The most successful entrepreneurs know what they do well, they know the market and the opportunities within it, and they choose those activities that create the most value. This is true in economic as well as political markets.

From the Pages of Madmen, Intellectuals, and Academic Scribblers (p.178, ch.7)

[W]hen the right elements come together at the right time and place and overwhelm the status quo, it is because special people make it happen. We call them political entrepreneurs.

From the Pages of Madmen, Intellectuals, and Academic Scribblers (p.176. ch.7)

While we started this book with Danny Biasone saving basketball, we end it with Norman Borlaug saving a billion lives. These stories are not that different. Both faced vested interests, which were reinforced by popular beliefs that things should be a certain way—that is, until a better idea came along.

From the Pages of Madmen, Intellectuals, and Academic Scribblers (p.174, ch.6)

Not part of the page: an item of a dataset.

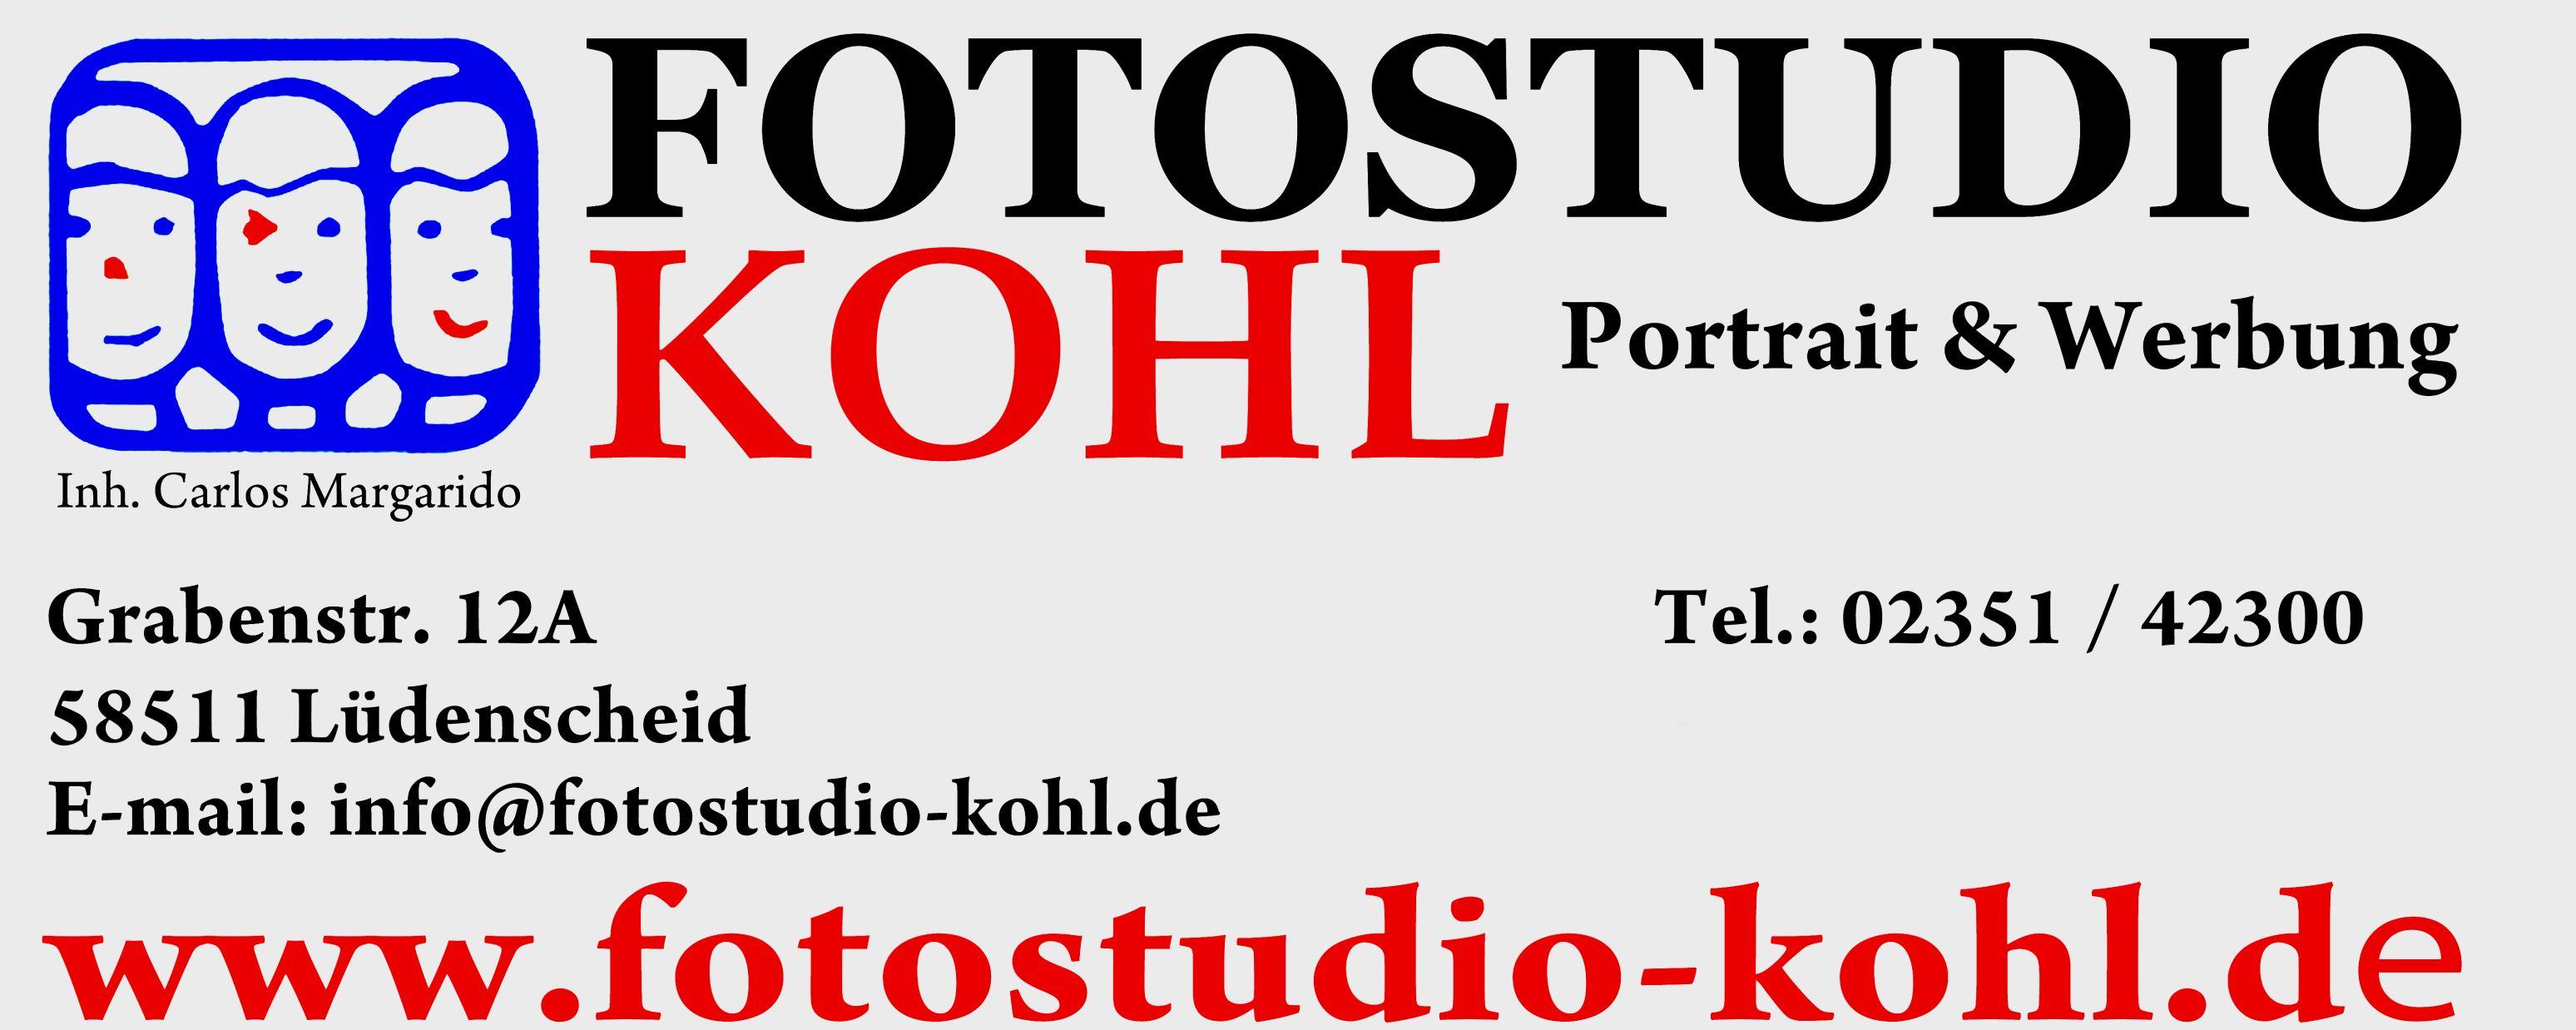 Fotostudio Kohl

Because there was a general belief that homeownership was a good thing, politicians found the public with open arms.... Everybody was winning—except Alfred Marshall, whose supply and demand curves were difficult to see through the haze of excitement at the time, and except Friedrich Hayek, whose competition as a discovery procedure was befuddled... In short, once politicians started getting credit for homeownership rates, the housing market was doomed.

From the Pages of Madmen, Intellectuals, and Academic Scribblers (p.166, ch.6)

Everyone responded rationally to the incentives before them. In short, the rules that guided homeownership changed over time, which in turn changed the incentives of these actors. And bad things happened.

From the Pages of Madmen, Intellectuals, and Academic Scribblers (p.153, ch.6)

They understood the economics. The ideas had already won in ... the regulatory agency itself. All that remained to be overcome were some vested interests and a handful of madmen in authority.

From the Pages of Madmen, Intellectuals, and Academic Scribblers (p.146, ch.6)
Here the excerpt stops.